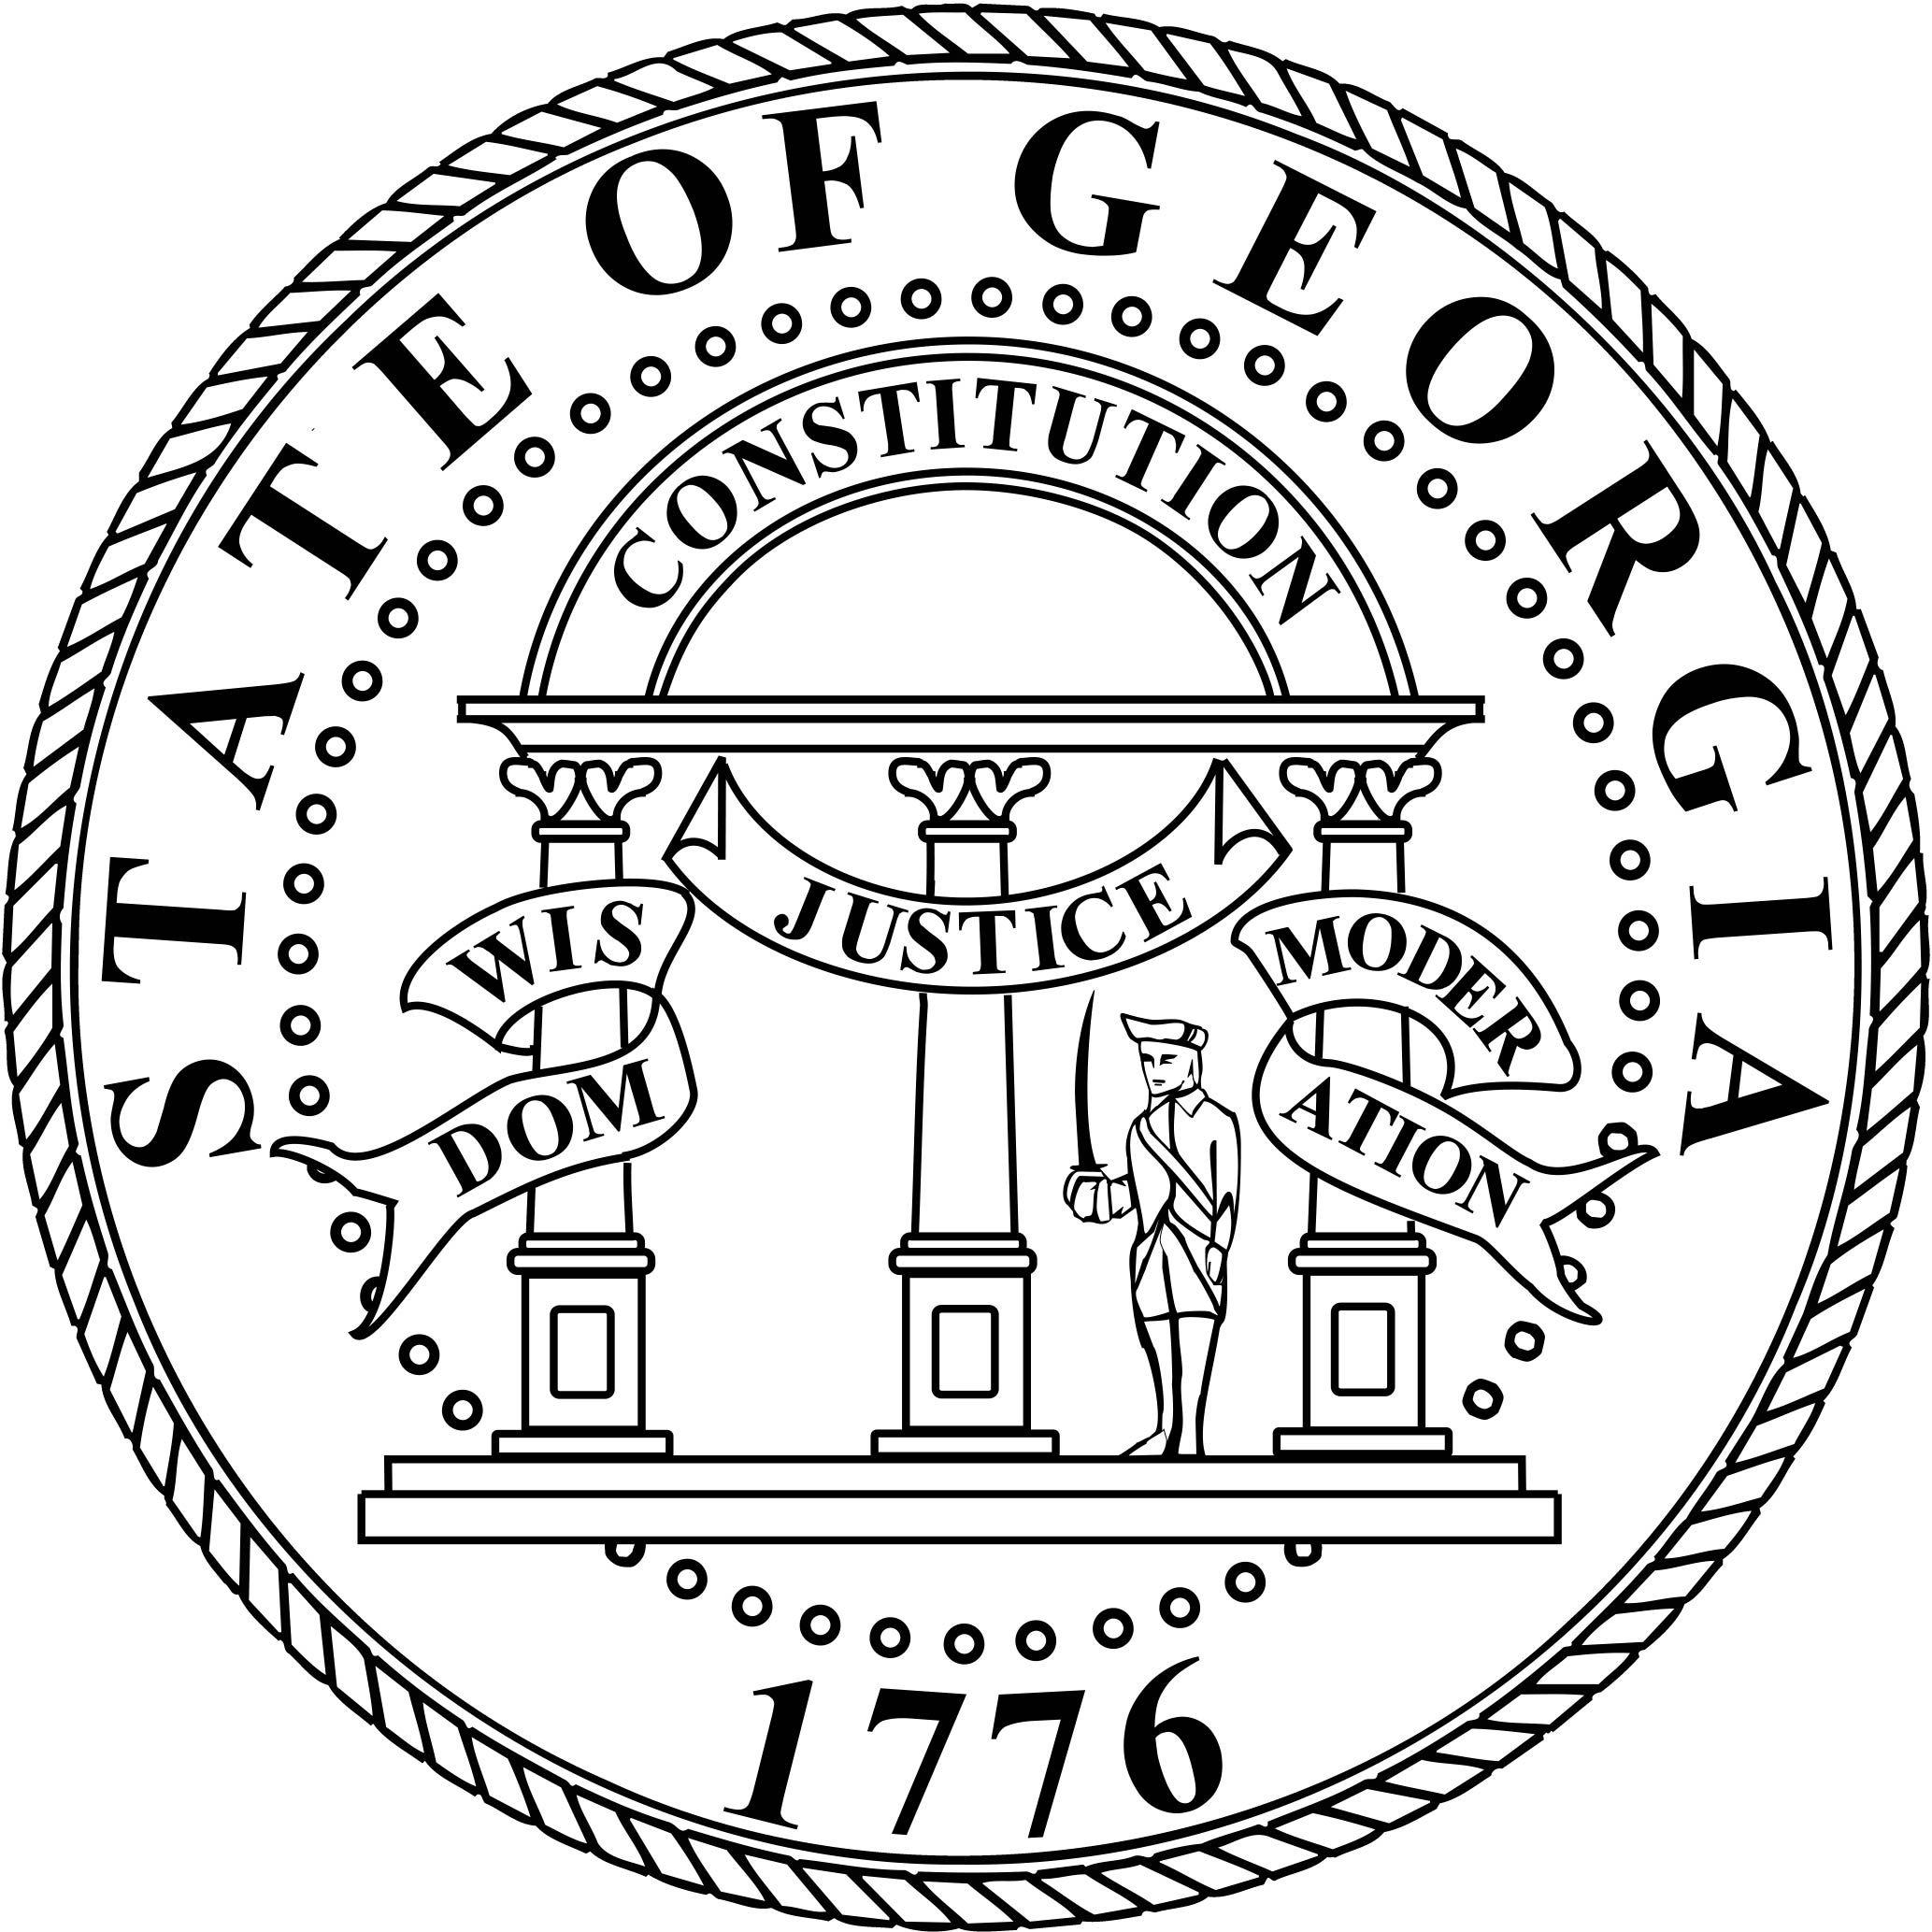 Georgia State Motto Wisdom Justice Moderation
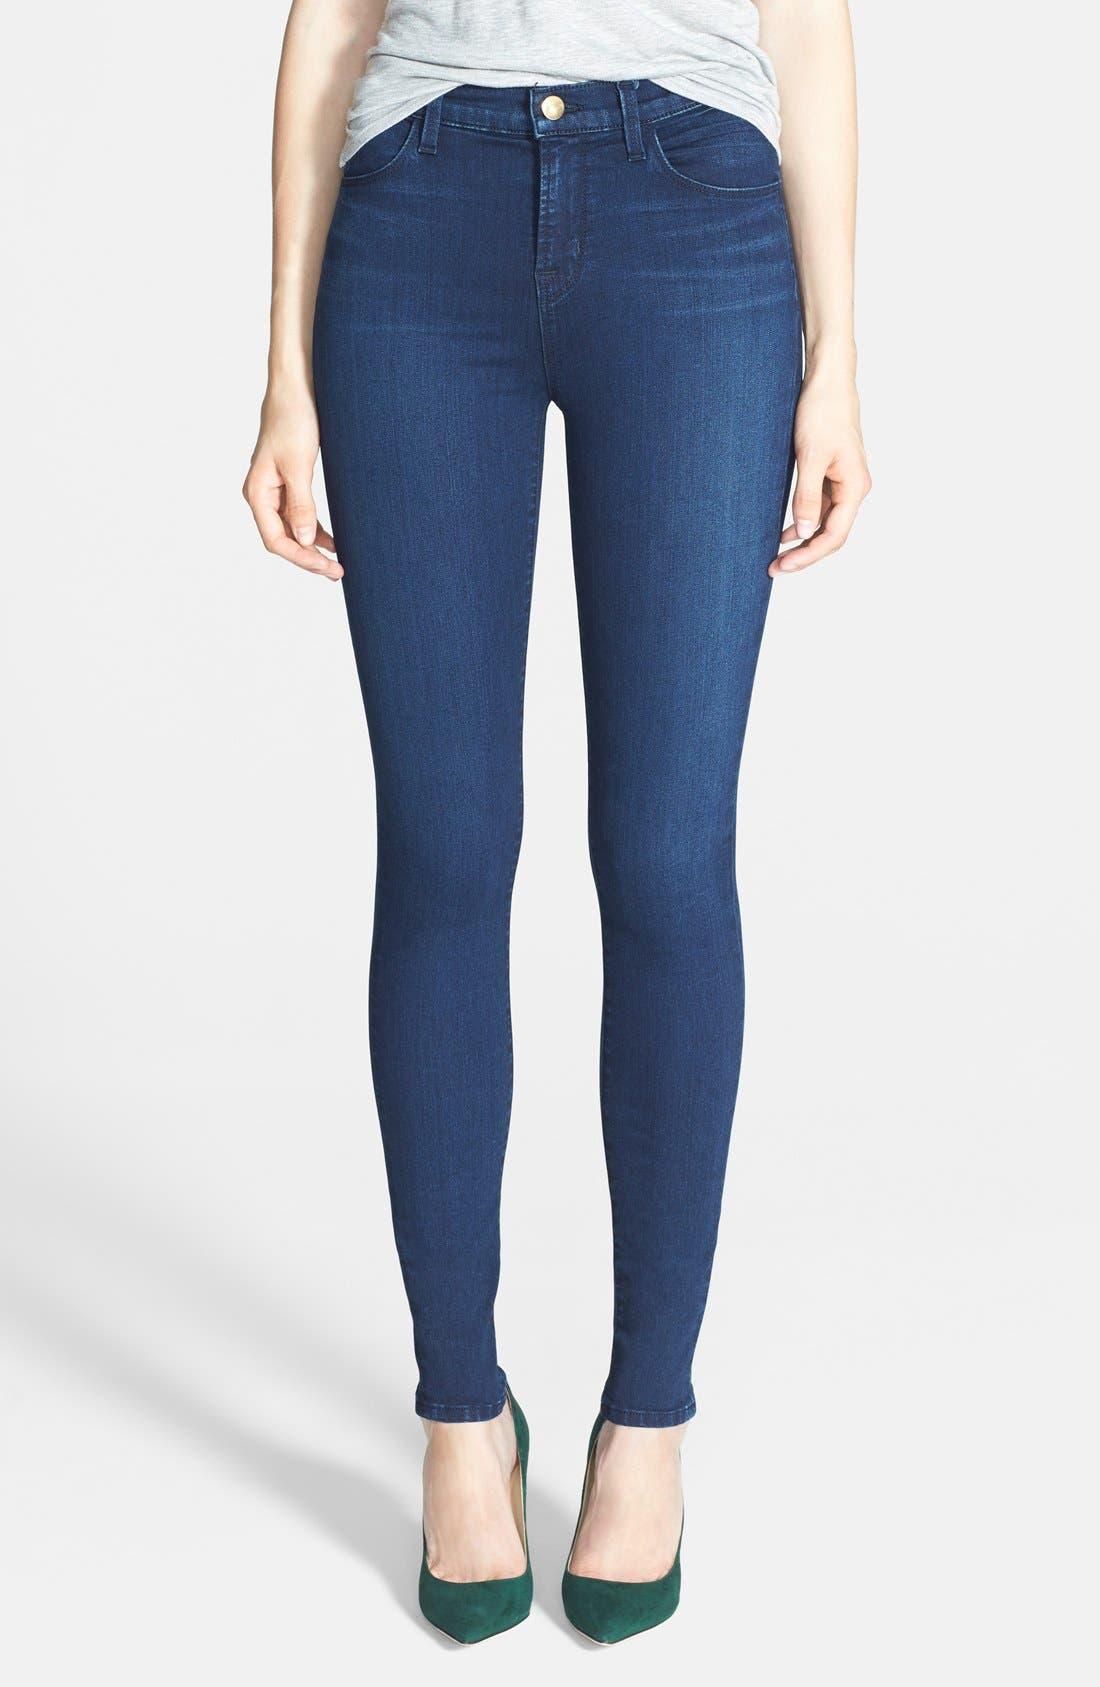 Main Image - J Brand 'Maria' High Rise Skinny Jeans (Maria Destiny)
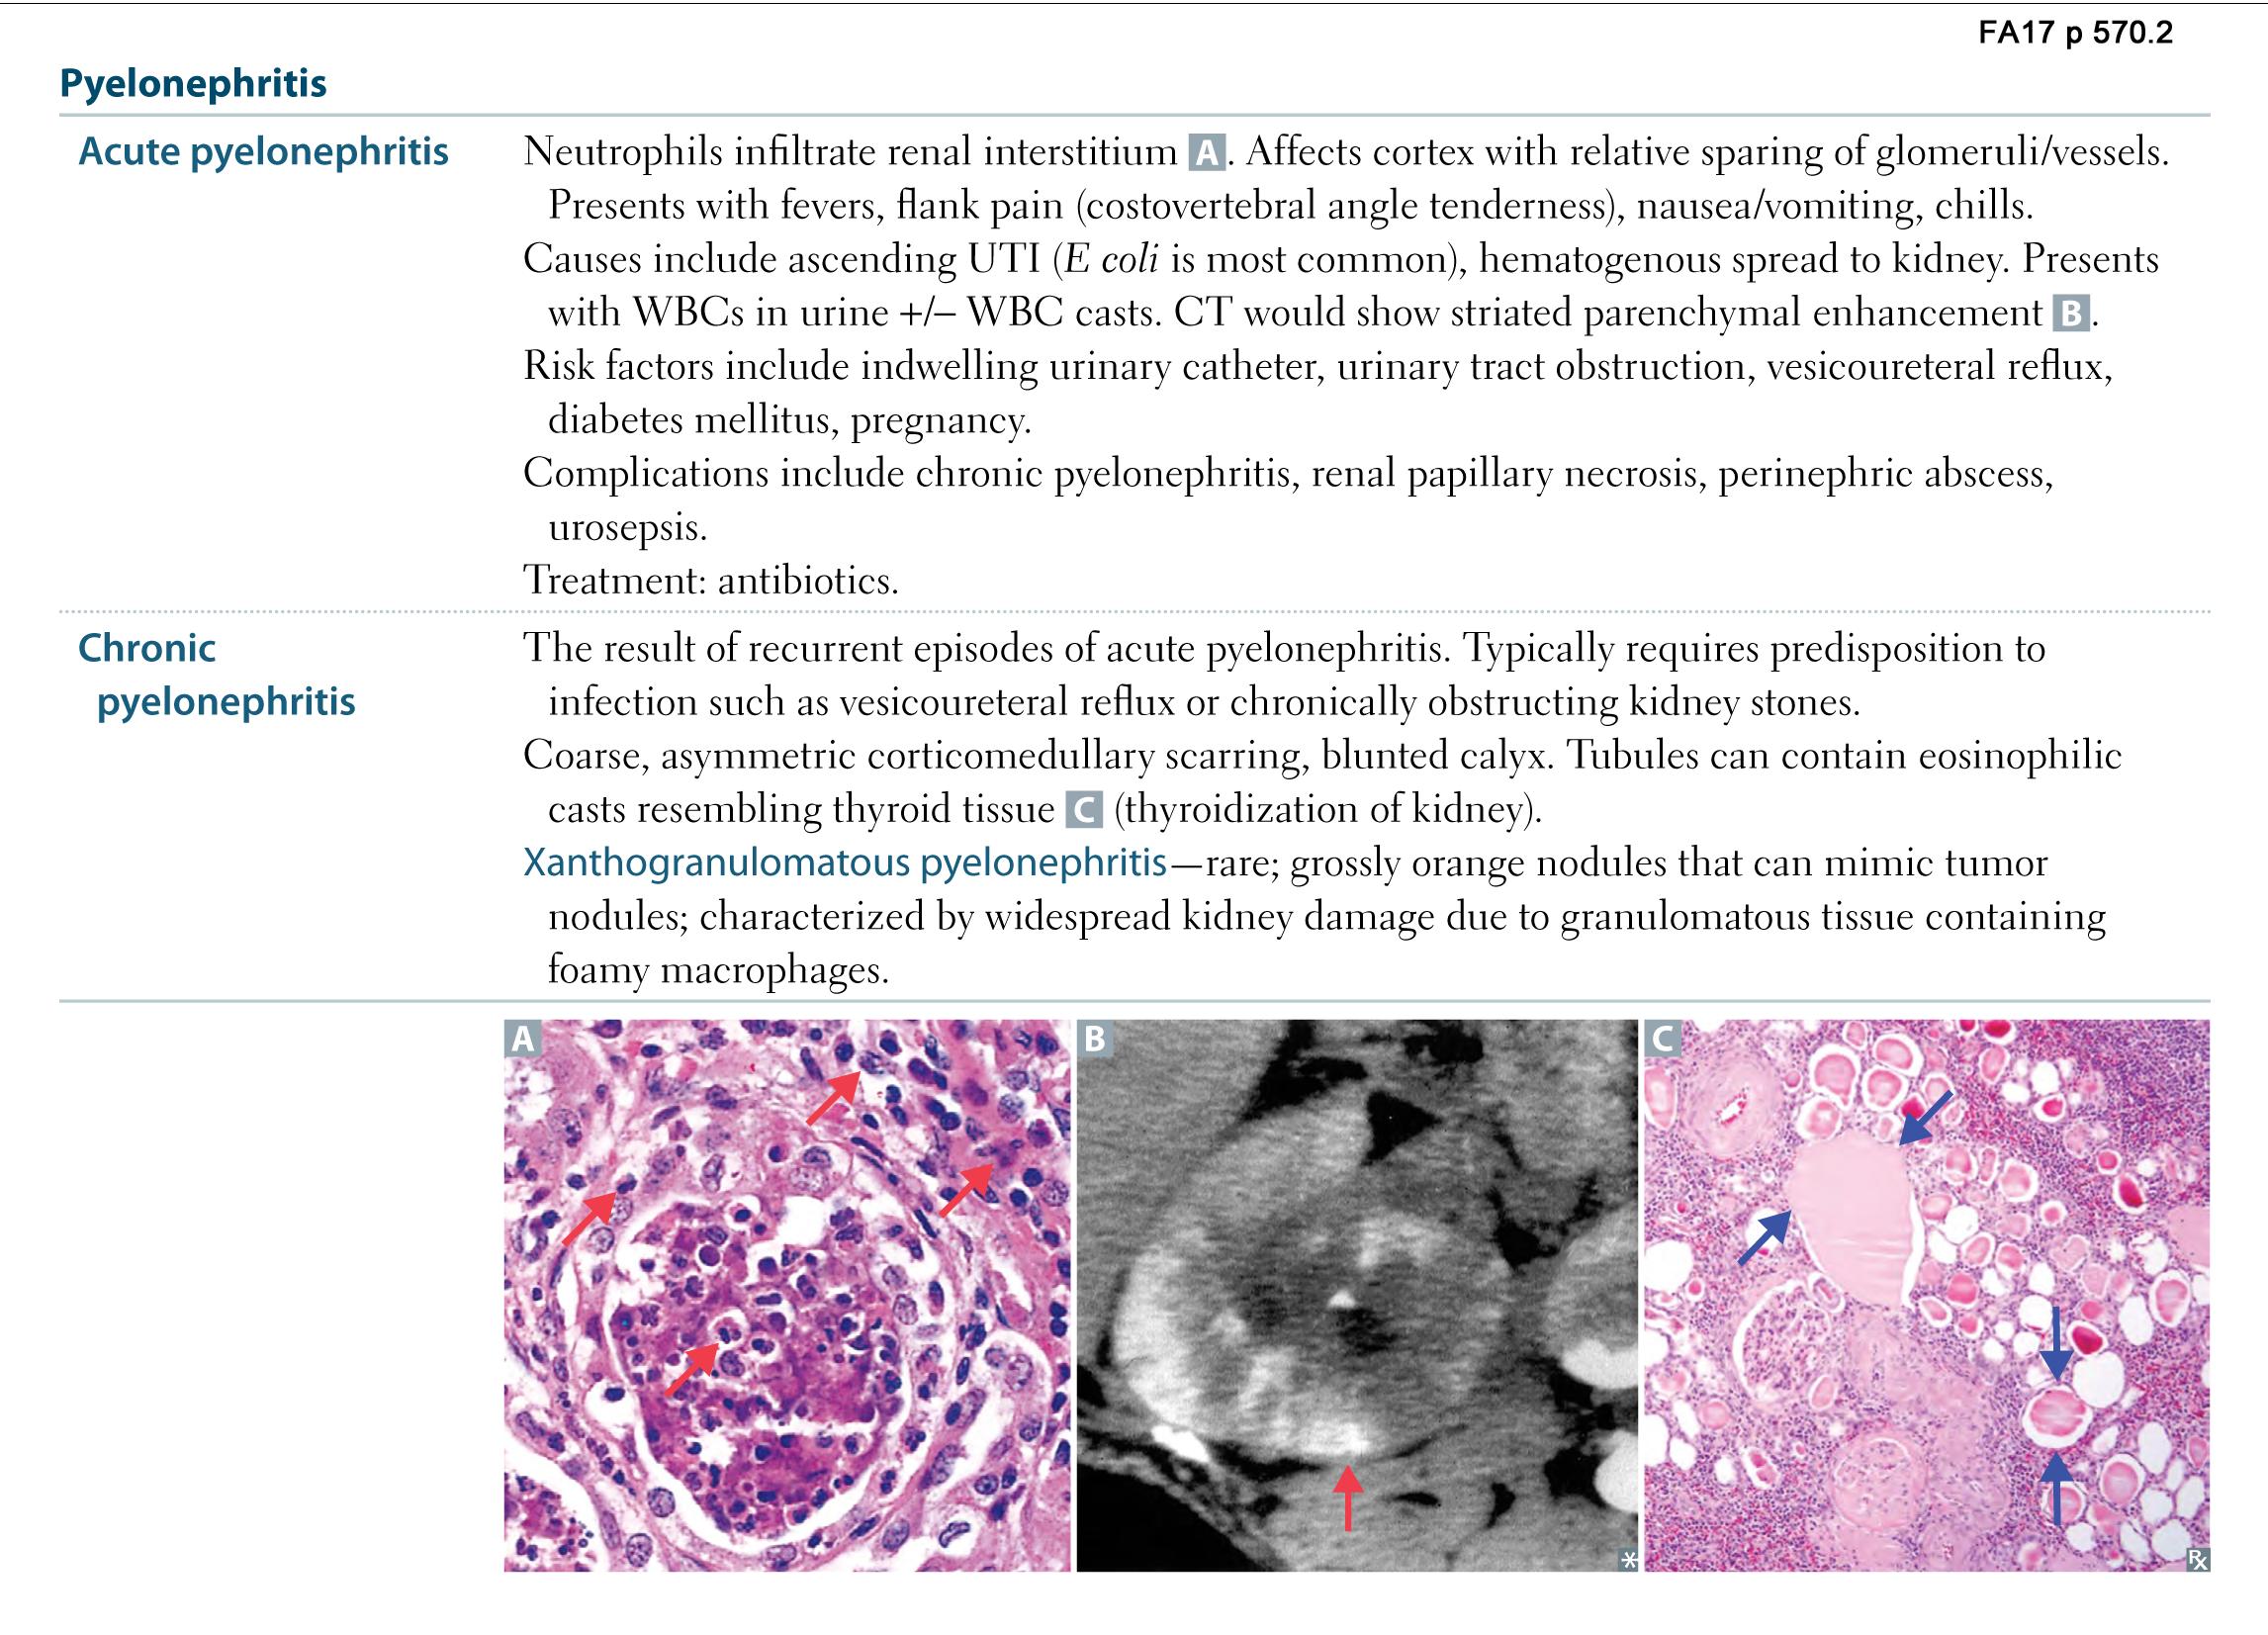 Renal Pathology - Pyelonephritis (USMLE Rx 2017: Renal - Pathology

**The problem:**
Exact copy, pictures removed: set down the whole listing above.

**Expected output:**
 Georgia State Motto Wisdom Justice Moderation
 Main Image - J Brand 'Maria' High Rise Skinny Jeans (Maria Destiny)
 Renal Pathology - Pyelonephritis (USMLE Rx 2017: Renal - Pathology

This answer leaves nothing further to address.